Devin, it looks like you bought red raspberries and black raspberries, is that right? I live in FL now, but used to live in BC, then Utah and grew them there. So, I've made my back hurt already today and am relaxing at the keyboard, so I'll give this a shot at a little 'mini tutorial' for you.

As greene says, they are a long term commitment so some soil prep would be a good idea. A good top-dressing of compost dug into your planting area is always a good idea. Think about where you want to plant them since they might get as tall as 5ft. before the summer's over. So against a fence on the north side of your property might be a great spot where they won't shade other shorter plants. Don't plant near trees, the roots of large trees extend well beyond where the ends of the branches are, and those roots will LOVE to come and steal water and nutrients from your raspberry patch.
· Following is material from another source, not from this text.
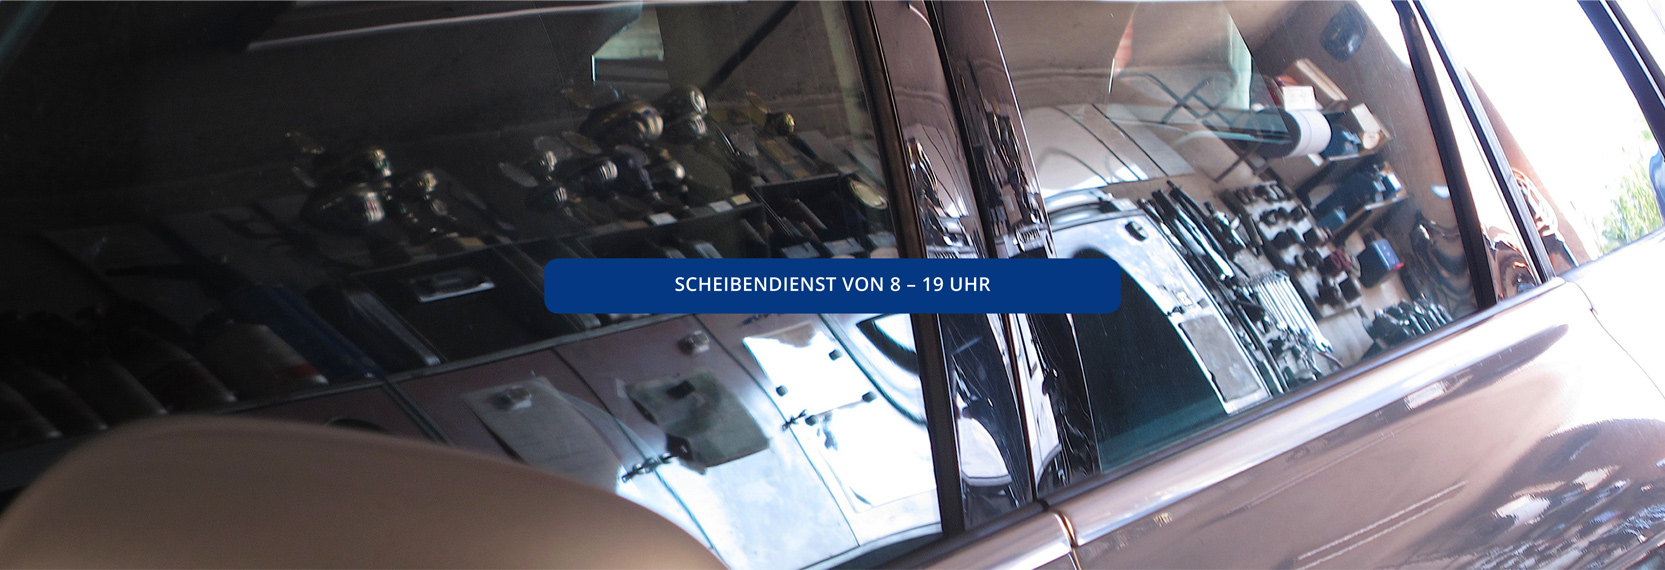 Kfz Werkstatt Lochmüller 3

Also make sure they will get at least 6 hours of unimpeded sun in the summer - think about the sun being a LOT higher at noon than it is right now, right? Anything that makes fruit (except maybe pineapples) needs full sun to make sugar in the fruit.

Rasps are normally planted in rows for ease of harvesting. Btw, did you buy more than one plant of each type? Unless it's just you, and all you want is a handful of berries occasionally, most people start with a row of plants, maybe 6 to 10 separate canes. (I can't tell, but each of those packages in your picture might have several plants in it, check what the label says) I used to grow about a 10ft. row for our family of 4. Can't remember for sure but I think we started with the canes about a foot apart.

Next thing to think about is how much longer are you going to have freezing temps at night? You don't want to plant your new rasps until it will most likely stay above freezing at night. As soon as you plant them, they will start to put up new shoots that will be quite tender to cold weather, and it would be discouraging to you to lose those new plants. IF you need to hold them for a week or two, keep them cool and in the dark. So prep your bed, get some slow-release fert to put in the planting area before you plant and wait until the weather forecast looks good. IF it does get a freak cold night after you plant, you can cover them with something like cardboard boxes or old sheets. Don't use plastic!

Last thing I can think of for right now is that you do NOT want to plant the red rasps too close to the black rasps or they will cross and you might get berries you wouldn't like too well after a year or two.

You won't get a lot of berries the first year, but in coming years your raspberry patch will grow and canes will multiply. You will need to remove the old, spent canes each fall after the first couple of years, and give them some fertilizer in the spring when you see them beginning to leaf out. That and make sure they are well watered especially while the berries are coming! You will have a wonderful harvest for years to come.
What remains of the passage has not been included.